Clinical Research Coordinator II Nationwide Children's Hospital Columbus, Ohio, United States
Background: The Black-White racial disparity in infant mortality rates in the US have persisted for decades. Research has sought to understand factors contributing to preterm birth (PTB) and low birth weight (LBW), as they are the leading causes of infant death. A growing body of literature indicates that neighborhood-level factors play a significant role in birth outcome trends. While understudied, literature suggests that the stress associated with living in neighborhoods with high crime rates can lead to poor birth outcomes. Objective: To assess the association between birth outcomes and community violence in three Ohio counties with high infant mortality racial disparities. Design/Methods: Birth record data (2018-2022) for singleton births in Franklin, Hamilton, and Cuyahoga counties (N= 182,354) were linked to crime data in the year preceding the birth from Ohio-Incident-Based Reporting System at the census tract level. Annual crime rates per 1,000 residents, classified as violent (VC), nonviolent (NVC), and total crime, were calculated using geocoded crime incidents and categorized into tertiles (i.e., low, medium, and high crime) for analyses. Logistic regression models were used to estimate the effects of crime on birth outcomes including PTB (>32 weeks and <= 37 weeks gestation), very PTB (vPTB, <= 28 weeks gestation), and LBW ( < 2500 grams) births. All models controlled for race/ethnicity, maternal age, risk factors for poor birth outcomes, marital status, maternal education, parity, insurance status, smoking status, poverty status, and prenatal care. Results: Compared to birthing people who live in areas with low VC, the odds of PTB were significantly greater among those in high VC areas (aOR:1.066; p-value= 0.02). The odds of vPTB were marginally higher among those in medium NVC areas compared to low NVC areas (aOR: 1.11; p-value=0.055).
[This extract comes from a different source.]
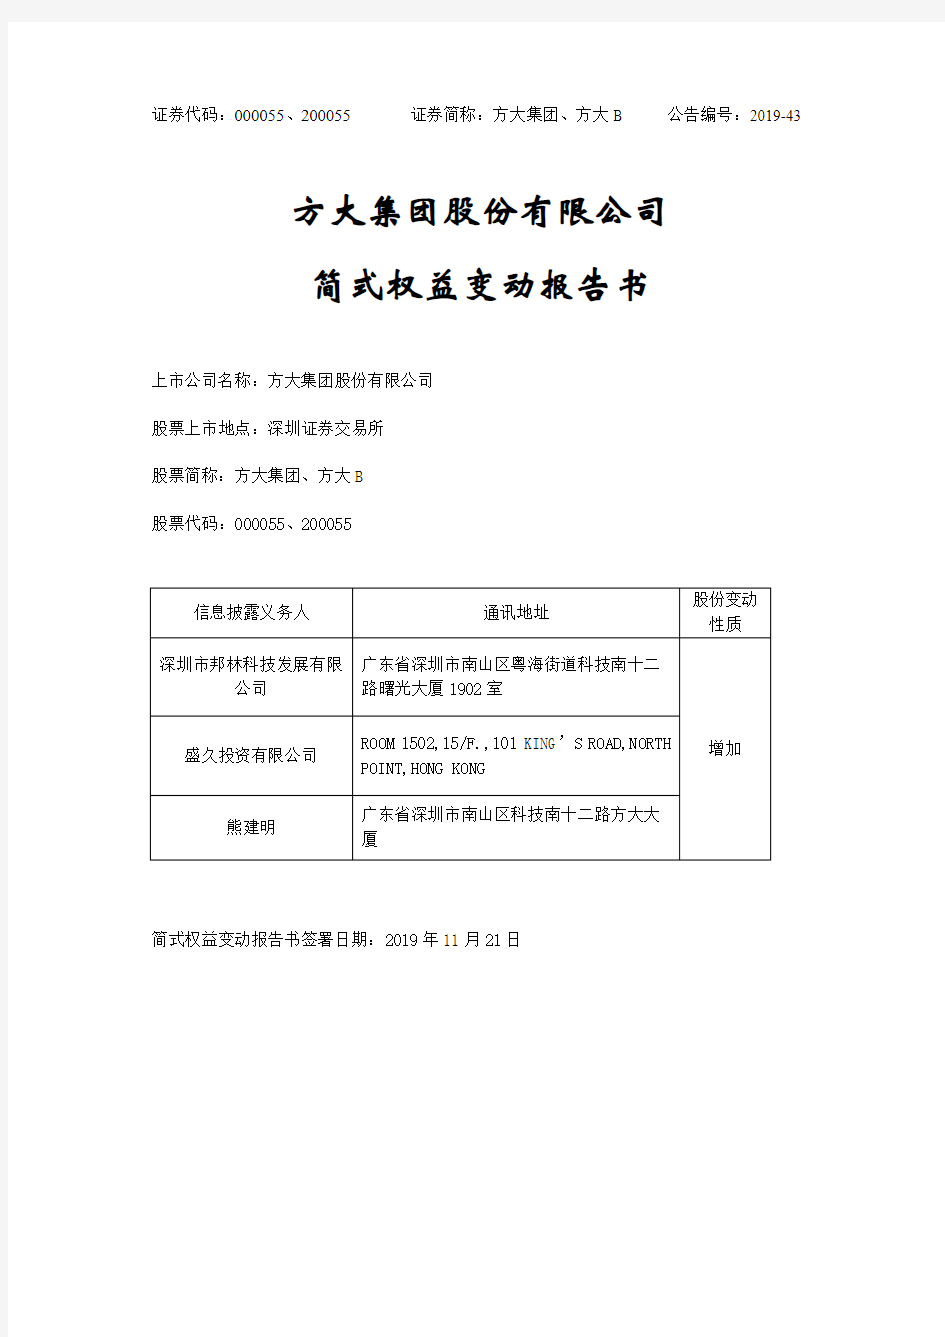 方大集团股份有限公司简式权益变动报告书.pdf

Living in a medium total crime area, however, was significantly associated with greater odds of vPTB compared to birthing people in low total crime areas (aOR:1.14; p-value=0.015). Neither crime type was significantly associated with LBW.
Conclusion(s): Neighborhood-level VC and NVC rates had varying effects on birth outcomes in medium and high crime areas compared to low crime areas. Recognizing that neighborhoods are racially segregated due to structural racism and discrimination, future analyses should stratify by race/ethnicity to assess potential differences in the effect of crime on identified birth outcomes. Understanding the impacts of social environments on birth outcomes can inform collaborative intervention by health systems and communities.